This document has been shamelessly ported from the similar
[pymongo Map/Reduce Example](http://api.mongodb.org/python/1.4%2B/examples/map_reduce.html).
Setup
-----
To start, well insert some example data which we can perform
map/reduce queries on:
> $ ghci -package mongoDB
> GHCi, version 6.12.1: http://www.haskell.org/ghc/ :? for help
> ...
> Prelude> :set prompt "> "
> > import Database.MongoDB
> > import Database.MongoDB.BSON
> > import Data.ByteString.Lazy.UTF8
> > c <- connect "localhost" []
> > let col = (fromString "test.mr1")
> > :{
> insertMany c col [
> (toBsonDoc [("x", BsonInt32 1),
> ("tags", BsonArray [toBson "dog",
> toBson "cat"])]),
> (toBsonDoc [("x", BsonInt32 2),
> ("tags", BsonArray [toBson "cat"])]),
> (toBsonDoc [("x", BsonInt32 3),
> ("tags", BsonArray [toBson "mouse",
> toBson "cat",
> toBson "doc"])]),
> (toBsonDoc [("x", BsonInt32 4),
> ("tags", BsonArray [])])
> ]
> :}
Basic Map/Reduce
----------------
Now we'll define our map and reduce functions.
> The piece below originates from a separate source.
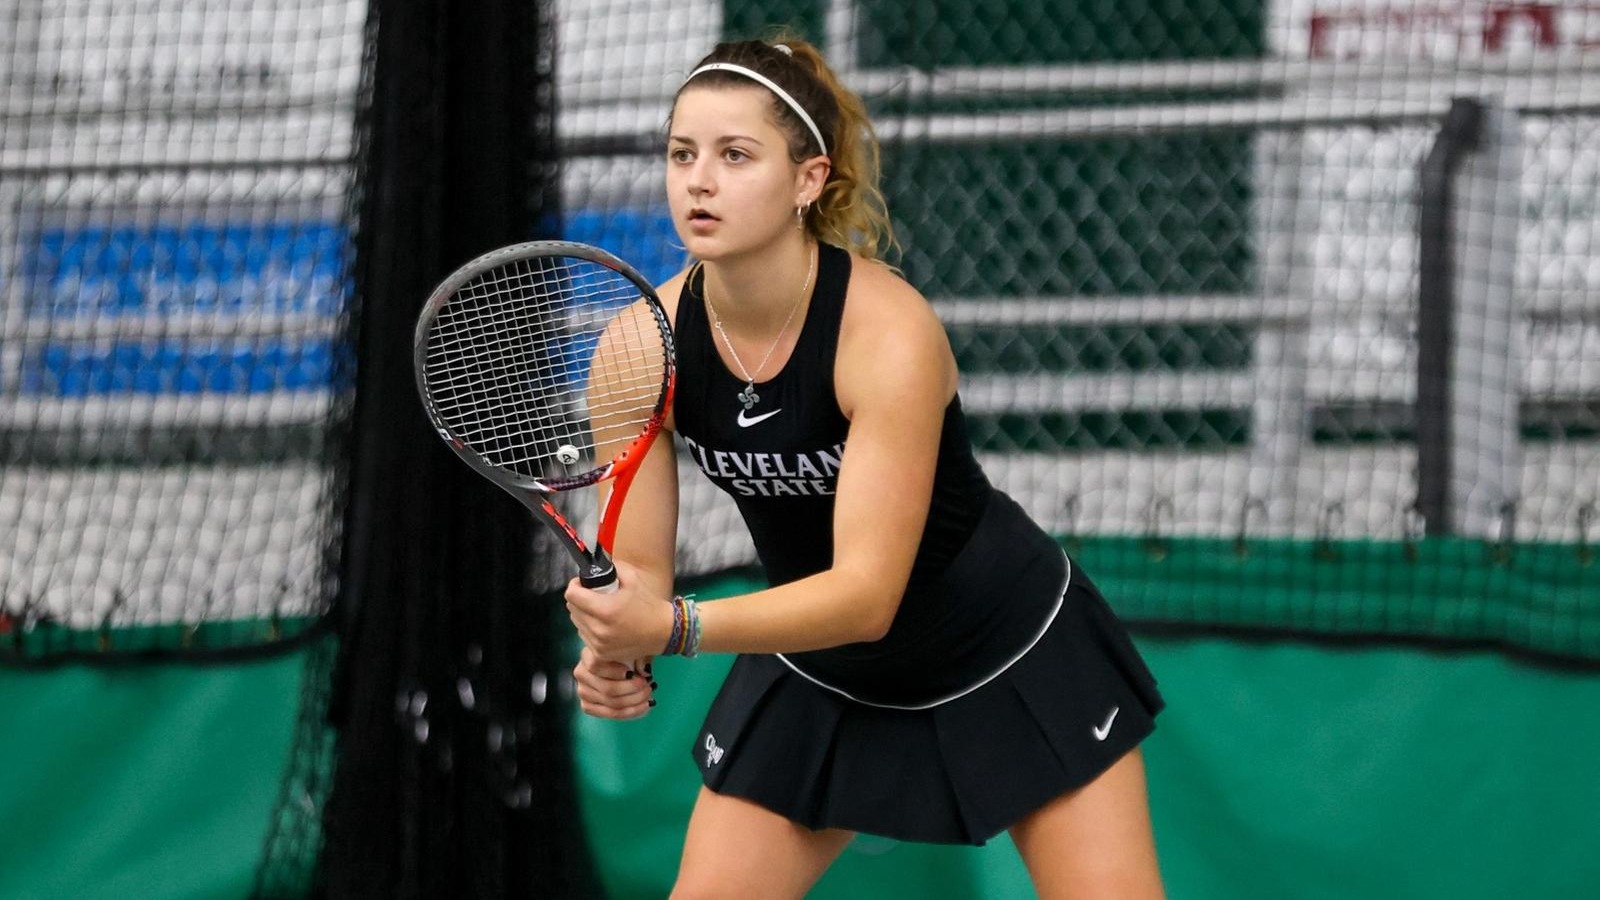 Cleveland State Women’s Tennis Sweeps #HLTennis Weekly Honors
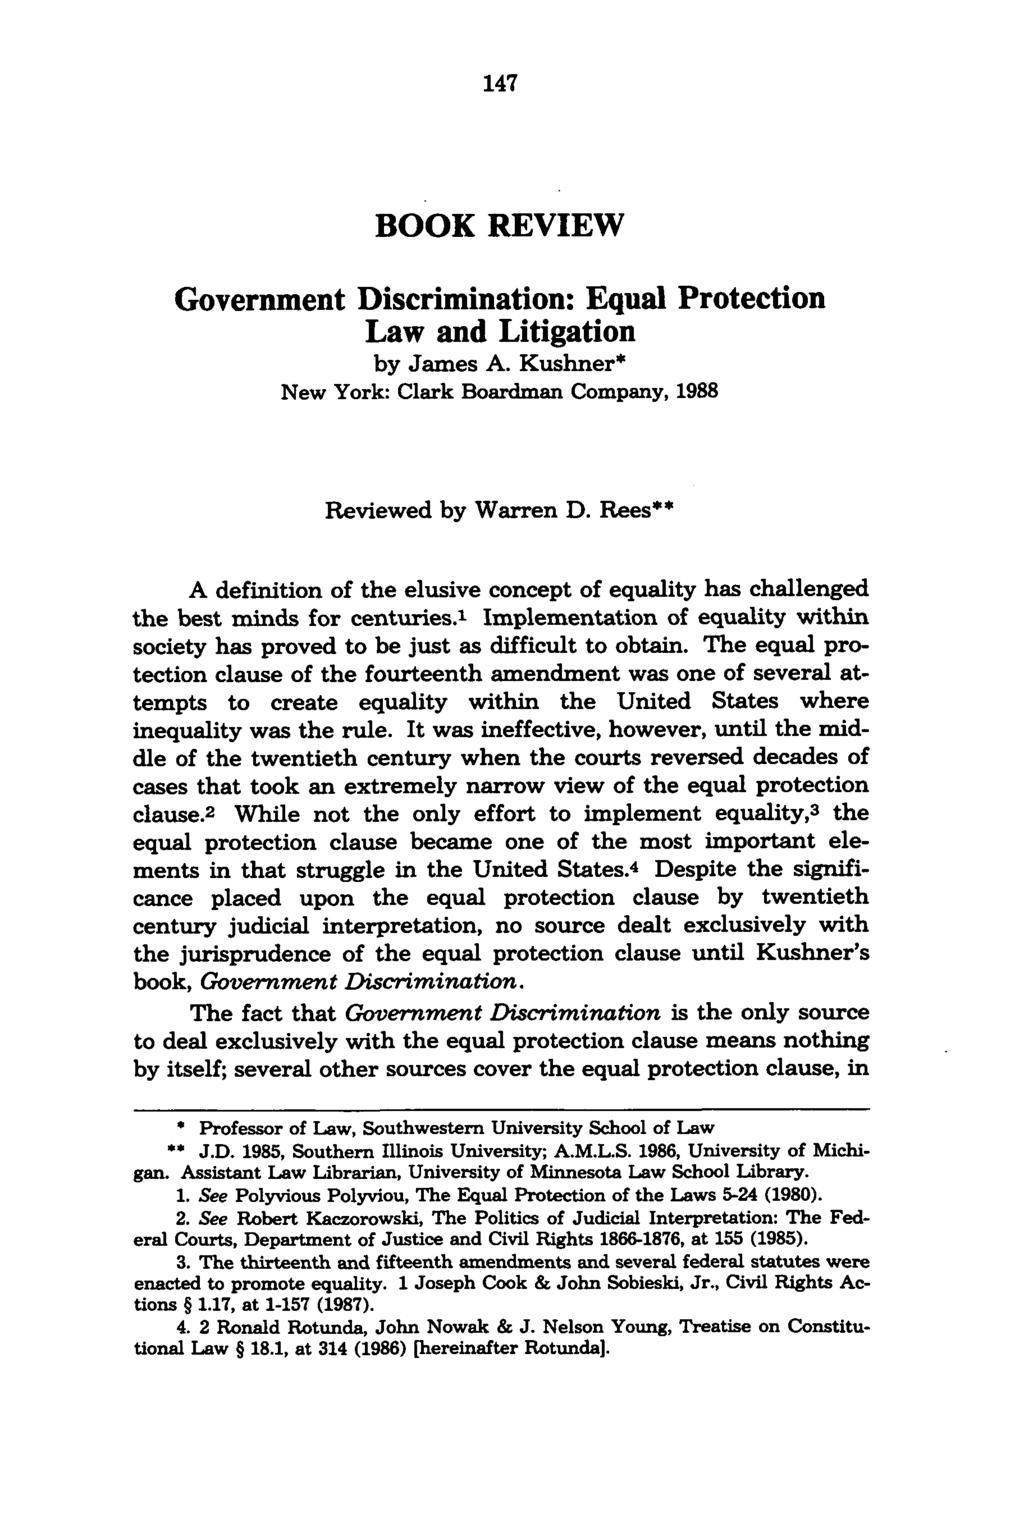 BOOK REVIEW Government Discrimination: Equal Protection Law and Litigation by James A. Kushner* New York: Clark Boardman Company, 1988 Reviewed by Warren D.

In this case we're
performing the same operation as in the MongoDB Map/Reduce
documentation - counting the number of occurrences for each tag in the
tags array, across the entire collection.
Our map function just emits a single (key, 1) pair for each tag in the
array:
> > :{
> let mapFn = "
> function() {\n
> this.tags.forEach(function(z) {\n
> emit(z, 1);\n
> });\n
> }"
> :}
The reduce function sums over all of the emitted values for a given
key:
> > :{
> let reduceFn = "
> function (key, values) {\n
> var total = 0;\n
> for (var i = 0; i < values.length; i++) {\n
> total += values[i];\n
> }\n
> return total;\n
> }"
> :}
Note: We cant just return values.length as the reduce function might
be called iteratively on the results of other reduce steps.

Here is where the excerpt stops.